Apresentação Científica do Centro de Genética Humana Instituto Nacional de Saúde Dr. Ricardo Jorge (INSA)
Split hand-split foot malformation (SHFM) or ectrodactyly, is a heterogeneous congenital defect of digit formation. The aim of this study is the mapping of the breakpoints and detailed molecular characterization of the candidate genes for an isolated form of bilateral split foot malformation (SFM) and for a syndromic form (holoprosencephaly, hypertelorism, and ectrodactyly syndrome (HHES)) both associated with de novo apparently balanced chromosome translocations involving the same chromosome 2q14.2 subband, [t(2;11)(q14.2;q14.2)] and [t(2;4)(q14.2;q35)], respectively.
Breakpoints were mapped by fluorescence in situ hybridisation (FISH) using BAC clones. Where possible, these breakpoints were further delimited using PCR fragments as FISH probes. The identified candidate genes were screened for pathogenic mutations by direct sequencing.
The SFM associated chromosome 2 breakpoint was localised at 120.9Mb, between the two main candidate genes, GLI-Kruppel family member GLI2 (GLI2) and inhibin beta B (INHBB). No clearly pathogenic mutation was identified in these. The second breakpoint associated with HHES was mapped 2.5Mb proximal at 118.4Mb and the candidate genes identified from this region were the insulin induced protein 2 (INSG2) and the homeobox protein engrailed-1 (EN1).

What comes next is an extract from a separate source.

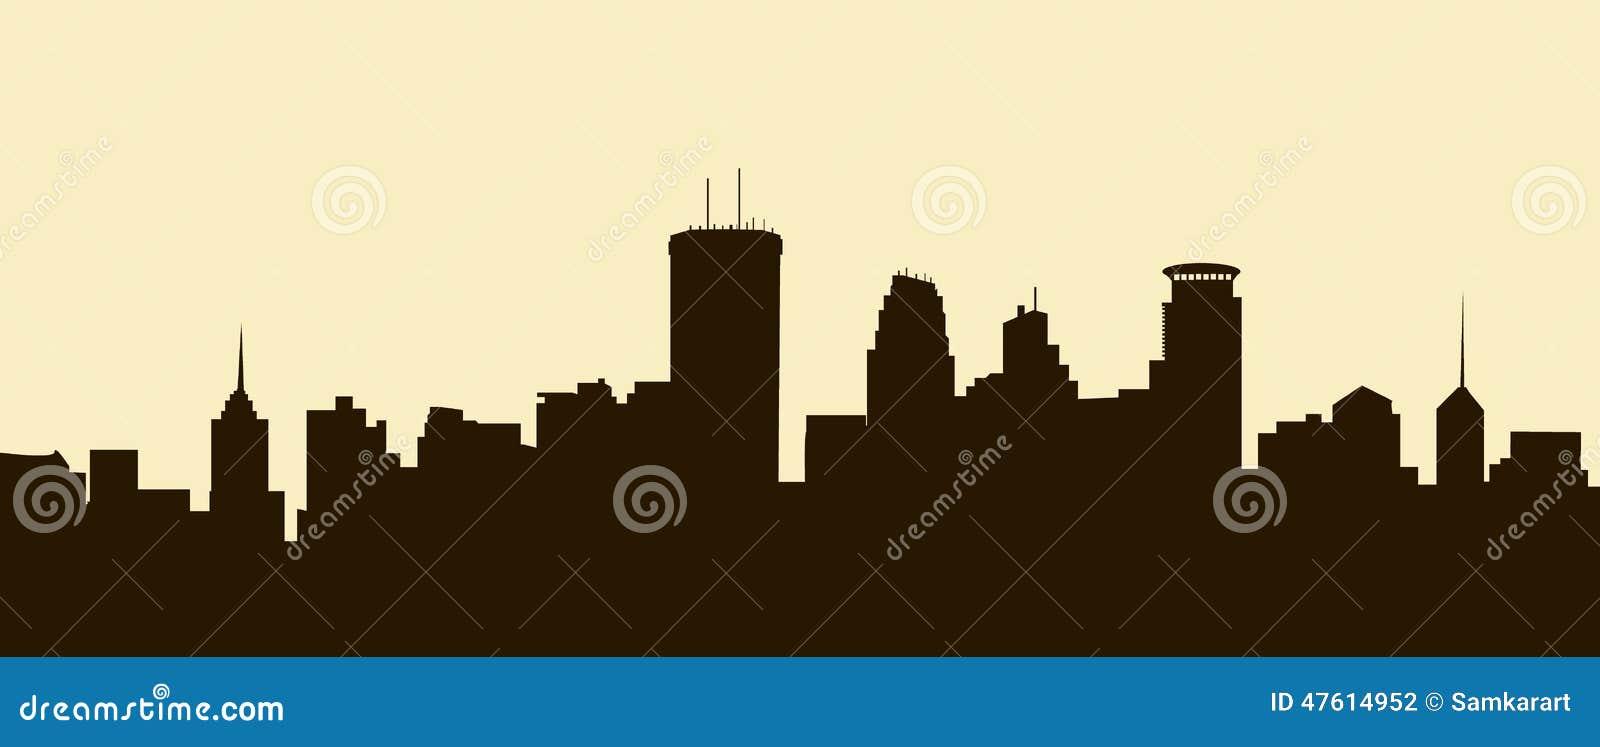 Minneapolis Skyline Vector Stock Vector Image 47614952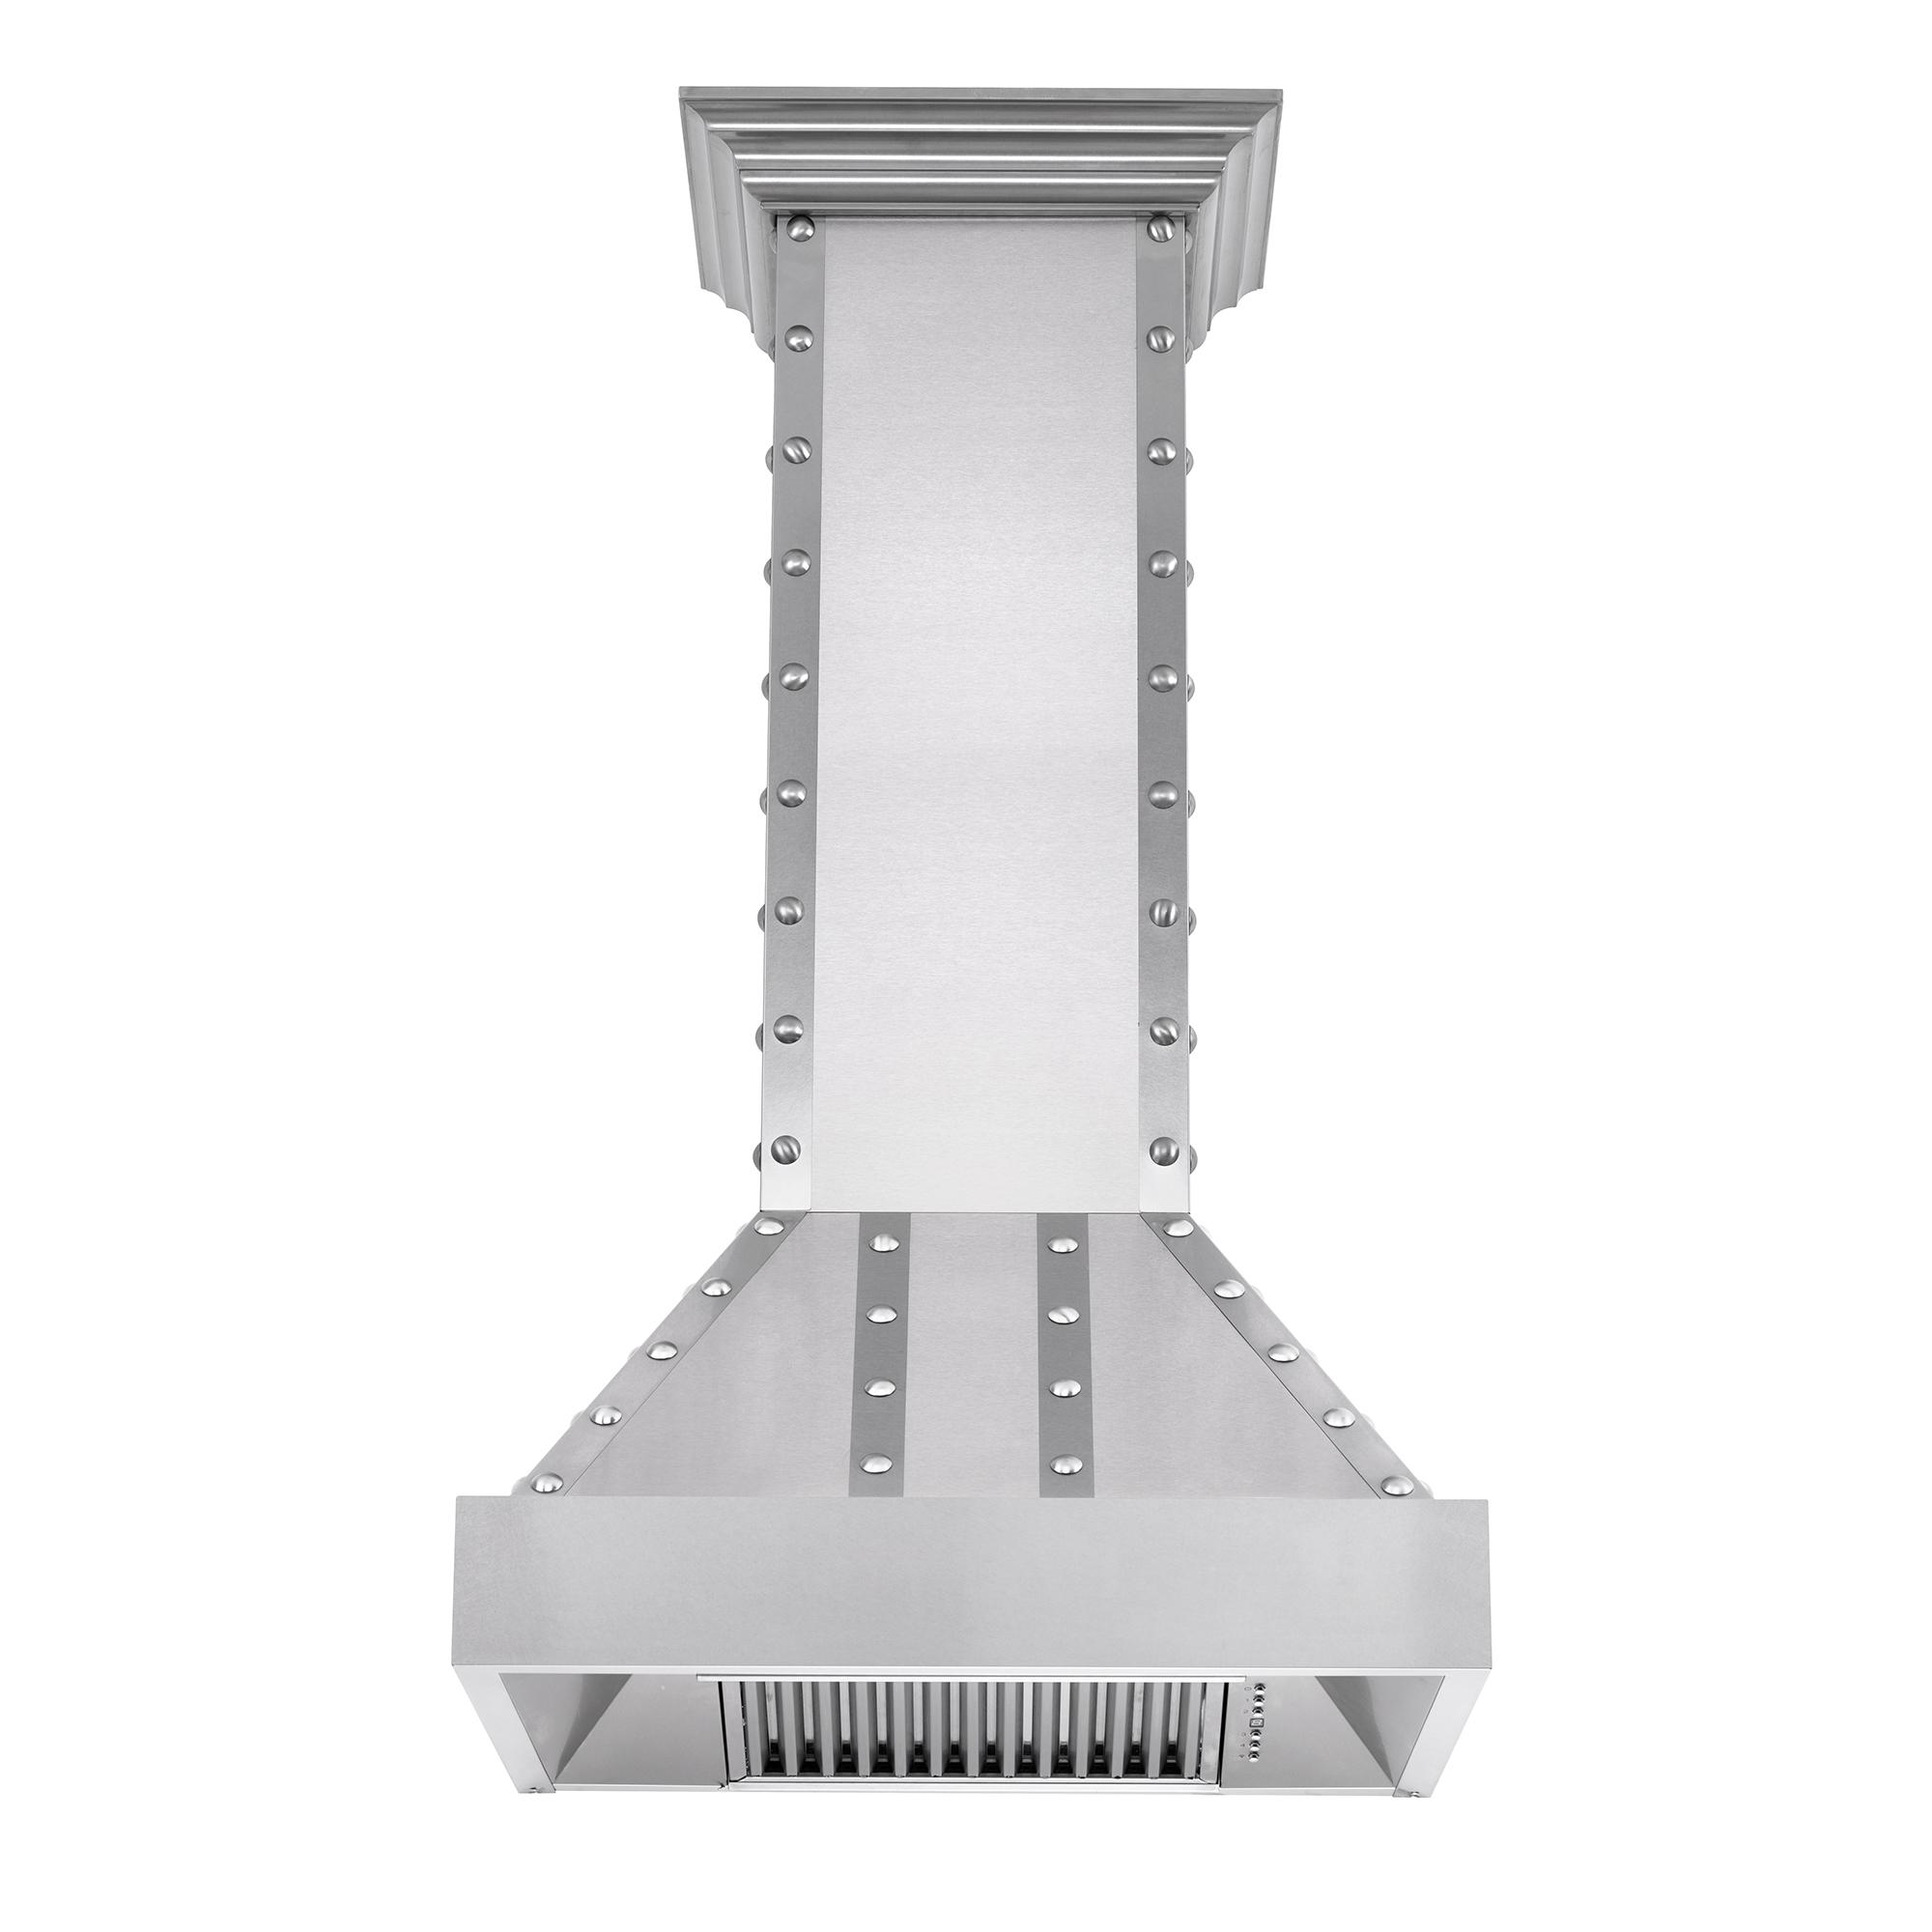 zline-stainless-steel-wall-mounted-range-hood-655-4SSSS-front-under.jpg

We have confirmed the presence of a new SHFM7 locus in the intergenic region between INHBB and GLI2. Furthermore, a locus for HHES is proposed 2.5Mb proximal to the previous one. The molecular mechanism proposed for these congenital anomalies is a sequence of alterations induced by the positional effects introduced by the translocations leading to dominant spatio-temporal misregulation of the candidate genes expression.